I am a huge oatmeal fan and will eat oatmeal just about any way… baked, on the stovetop, as muffins, cold as overnight oats… you name it, if it has the world oatmeal in it, count me in! So, needless to say, I love coming up with new oatmeal recipes for you.

I’m obsessed with making banana bread. It’s such a simple breakfast, delicious snack or, let’s be real, a bomb dessert too. So when I was brainstorming new oatmeal recipes, “banana bread” popped in my head and I knew it was going to be a hit.

An overhead photo of a bowl of banana bread oatmeal, topped with banana slices and walnuts, and drizzled with maple syrup.

Why I Love Oatmeal

Oats are an amazing grain. They’re naturally gluten-free and provide a good amount of vitamins, minerals, fiber and even antioxidants. Oats have been shown to help lower cholesterol, help control blood sugar fluctuations, help improve skin concerns and even help with weight loss. They are basically a “super grain.” Plus, oats can be used in so many different ways – oatmeal (duh!), energy ballsmuffins and other baked goods.

Ingredients measured out to make banana bread oatmeal: maple syrup, vanilla, water, oats, coconut oil, walnuts, banana, sea salt and cinnamon.

Ingredients in Banana Bread Oatmeal

  • rolled oats – old fashioned rolled oats are best for this recipe. Make sure you grab gluten-free oats if needed. I use Bob’s Red Mill gluten-free rolled oats. If you have steel cut oats, try my recipe for steel cut oatmeal.
  • water or dairy-free milk – I typically make my oatmeal with water as I find it is still creamy enough but if you want added flavor or creaminess, use dairy-free milk. My go-to is unsweetened almond milk. Try making your own almond milk!
  • cinnamon – the perfect spice pairing for banana bread.
  • vanilla – a flavor enhancer.
  • sea salt – brings all of the flavors together.
  • banana – you’ll cook half of the banana in the oatmeal and then caramelize the rest to use as a topping.
  • chopped walnuts – we’re toasting these with the banana slices for a topping. I love the texture, flavor and added healthy fats walnuts add. Feel free to swap for a different type of nut or omit if you’d like.
  • coconut oil – to sauté the banana slices for topping… so delicious!
  • maple syrup – you’ll sauté the banana in a little maple syrup and I recommend serving with an extra drizzle!
Collage of four photos: top two are of how to make banana oatmeal in a pot, the second two are how to caramelize banana slices.

How to Make

Prepare oatmeal – Like most stovetop oatmeal recipes, this one is super simple to make! Start by combining the oats, cinnamon, vanilla, sea salt and half of the banana slices in a medium pot. Add water or non-dairy milk and stir to combine. Heat over medium-high heat for 8-10 minutes, stirring a few times while cooking to make sure the banana slices melt into the oats and don’t burn. You’ll know the oatmeal is done when all the liquid is absorbed and the oats are thick and fluffy.
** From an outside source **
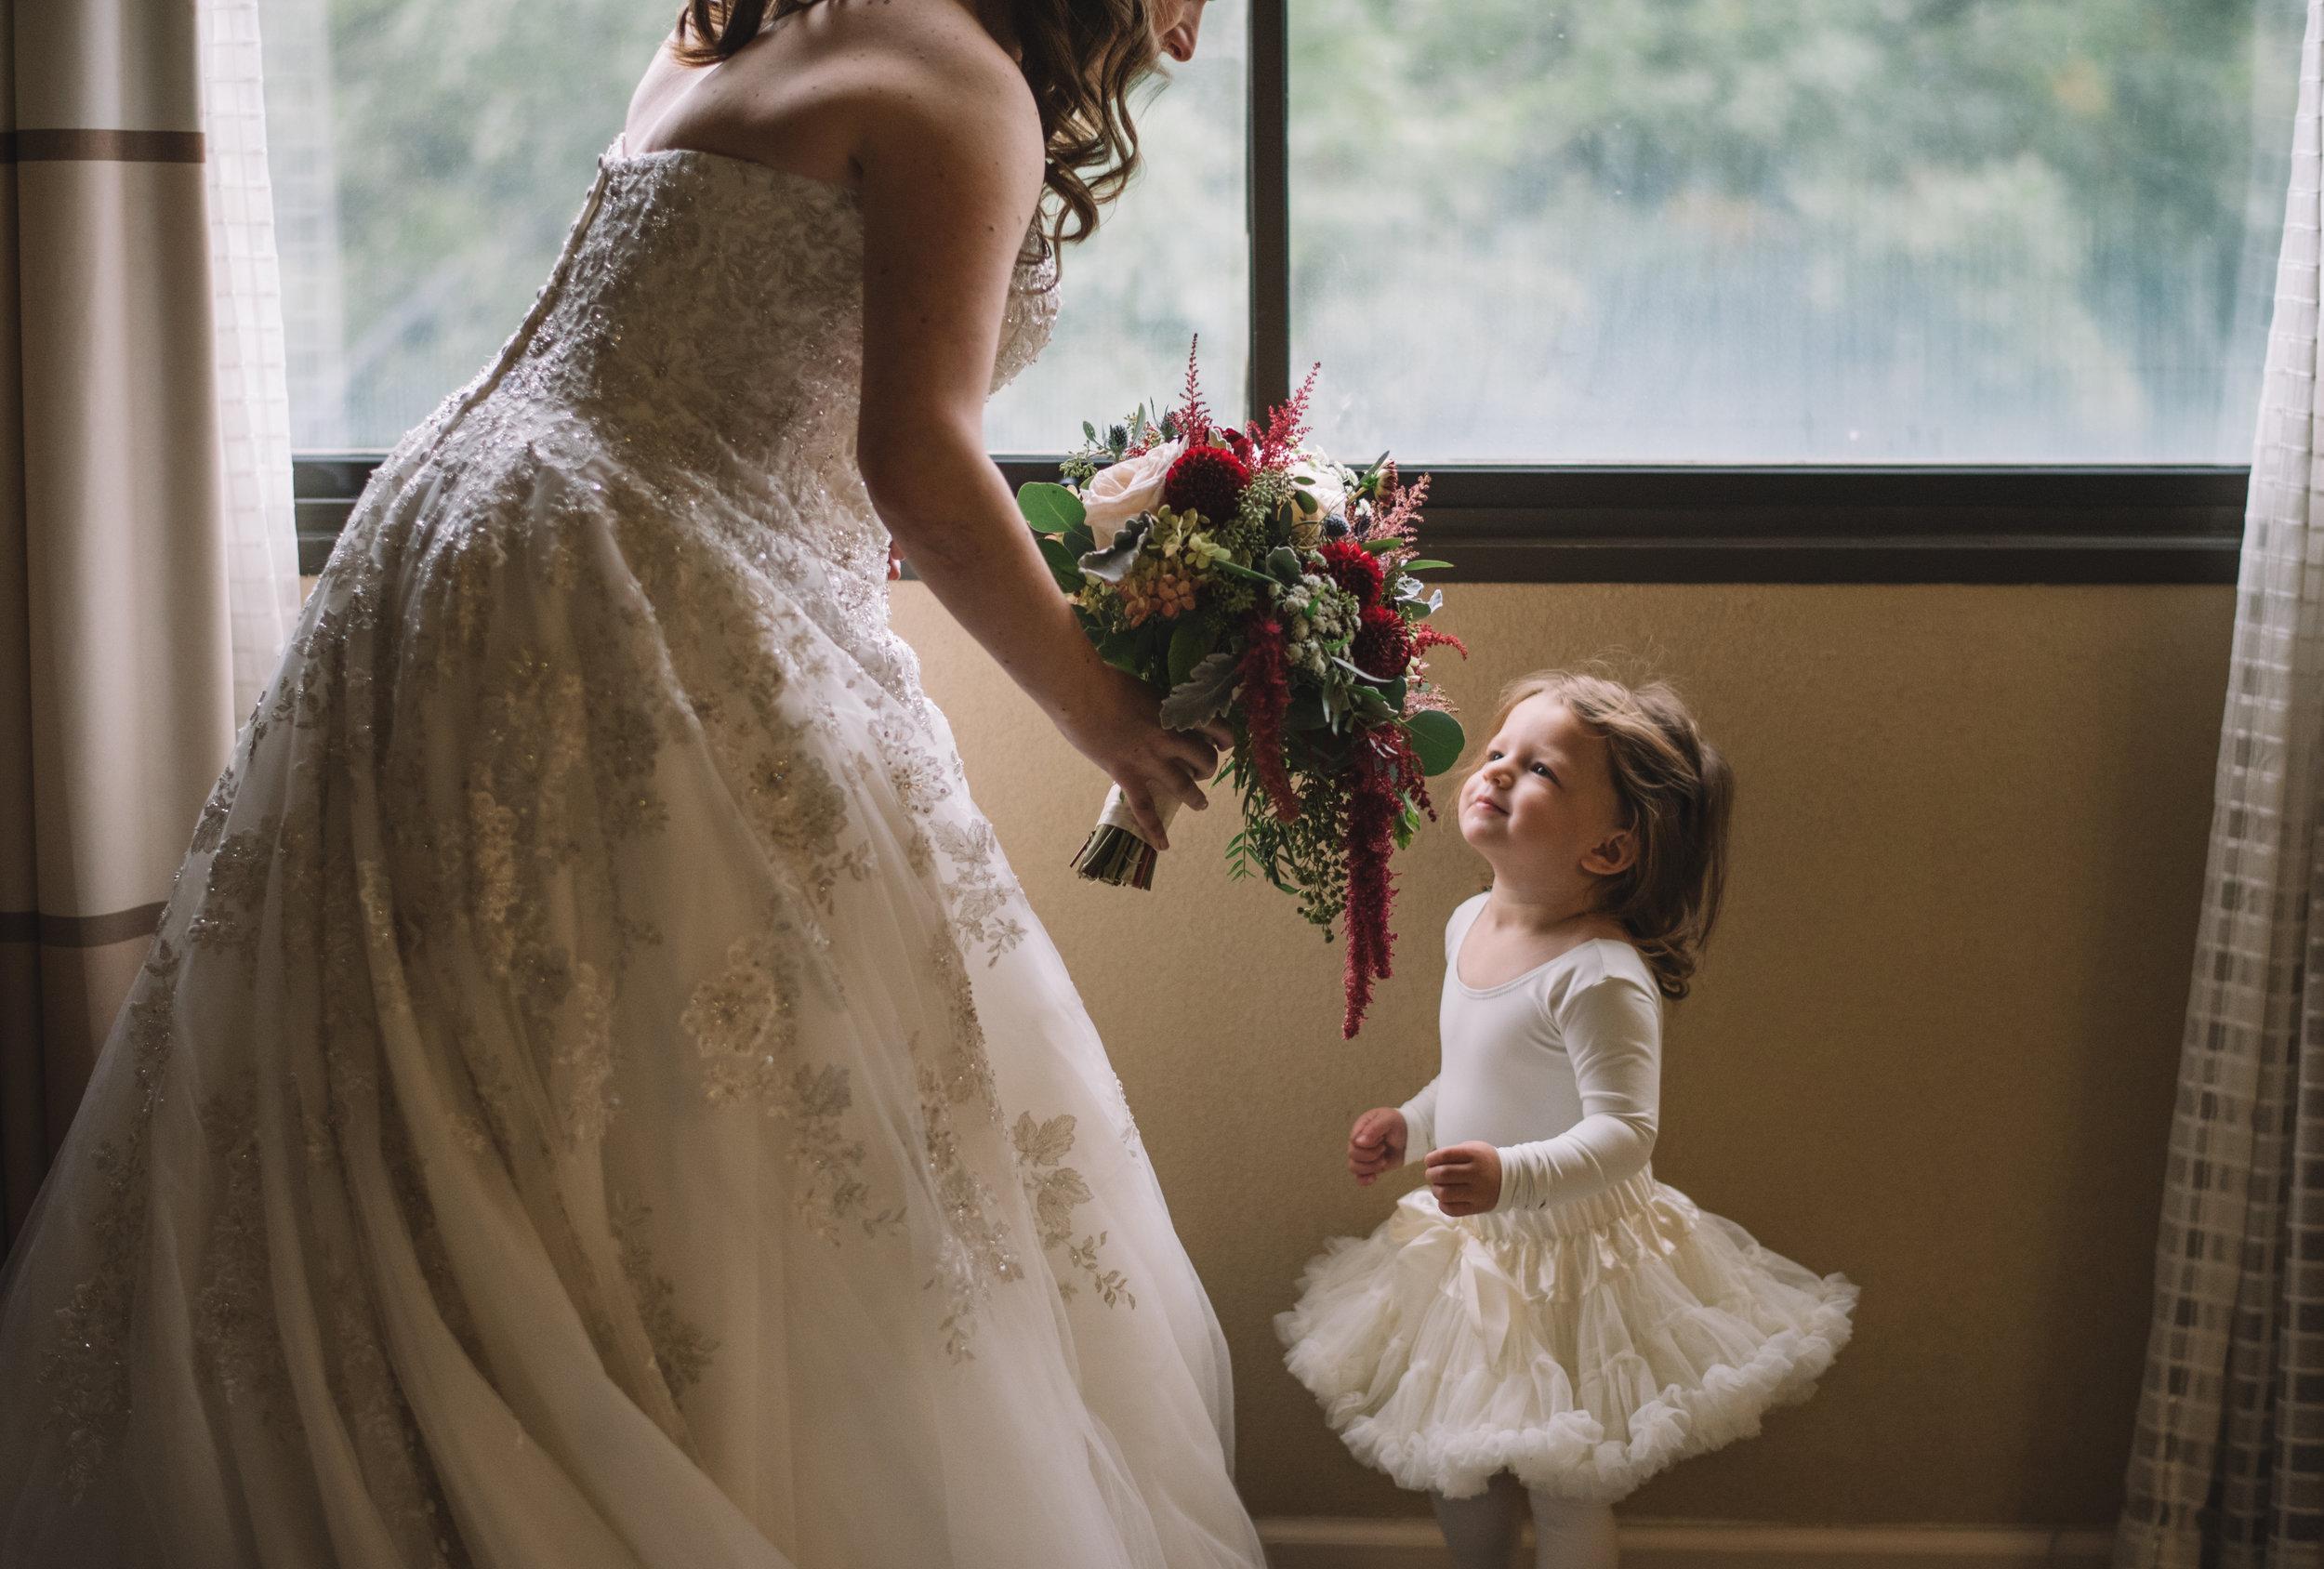 WeddingPhotos | NJPhotographer | Highlights-3-43.jpg

Caramelize bananas and toast walnuts – While oats are cooking, heat a skillet over medium and add coconut oil and maple syrup. Add remaining banana slices and walnuts to the skillet. Cook banana slices 2 minutes on each side or until they start to get a golden crust. Heat walnuts until just toasted then remove from heat.
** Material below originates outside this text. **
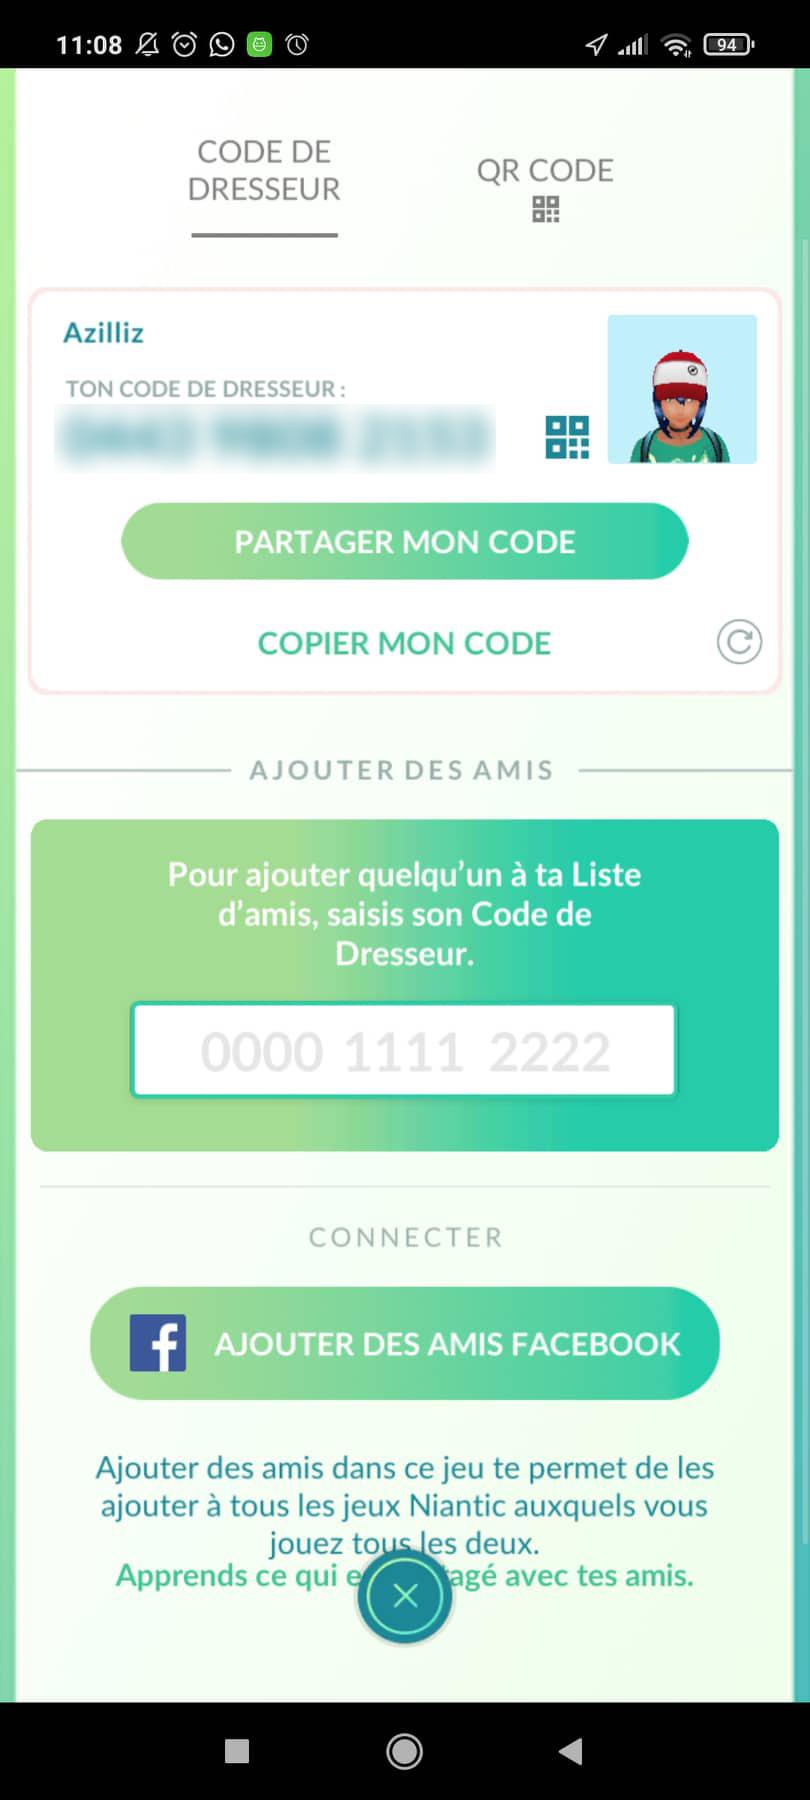 pokemon-go-ajouter-des-amis

Serve – Place cooked oats into a bowl and top with caramelized bananas and walnuts. For sweeter oats, drizzle with extra maple syrup.

pro tip!
When your oatmeal is cooking, don't forget to stir it a few times so the bananas don't burn or stick to the bottom! 
A bowl of banana bread oatmeal, topped with banana slices. A carafe is drizzling maple syrup over top of the oatmeal.

Customize Your Banana Bread Oatmeal

Toppings This oatmeal has a delicious base recipe that you can build your own flavors on. I chose to top it with caramelized bananas (yum) and toasted walnuts (double yum), but feel free to make this recipe your own! A drizzle of almond butter and some chia seeds would be a great addition!

Protein powder You can easily make this oatmeal a high-protein meal by adding in a little Greek yogurt, cottage cheese or protein powder.

Overnight Oats  You could use these ingredients to make a delicious overnight oats recipe if that’s more your style.

Baked Oatmeal – Try making my banana bread baked oatmeal if it’s more your style!

An overhead photo of a bowl of banana bread oatmeal, topped with banana slices and walnuts, and drizzled with maple syrup.

More Oatmeal Recipes You’ll Love

Be sure to check out all of the oatmeal recipes here on EBF!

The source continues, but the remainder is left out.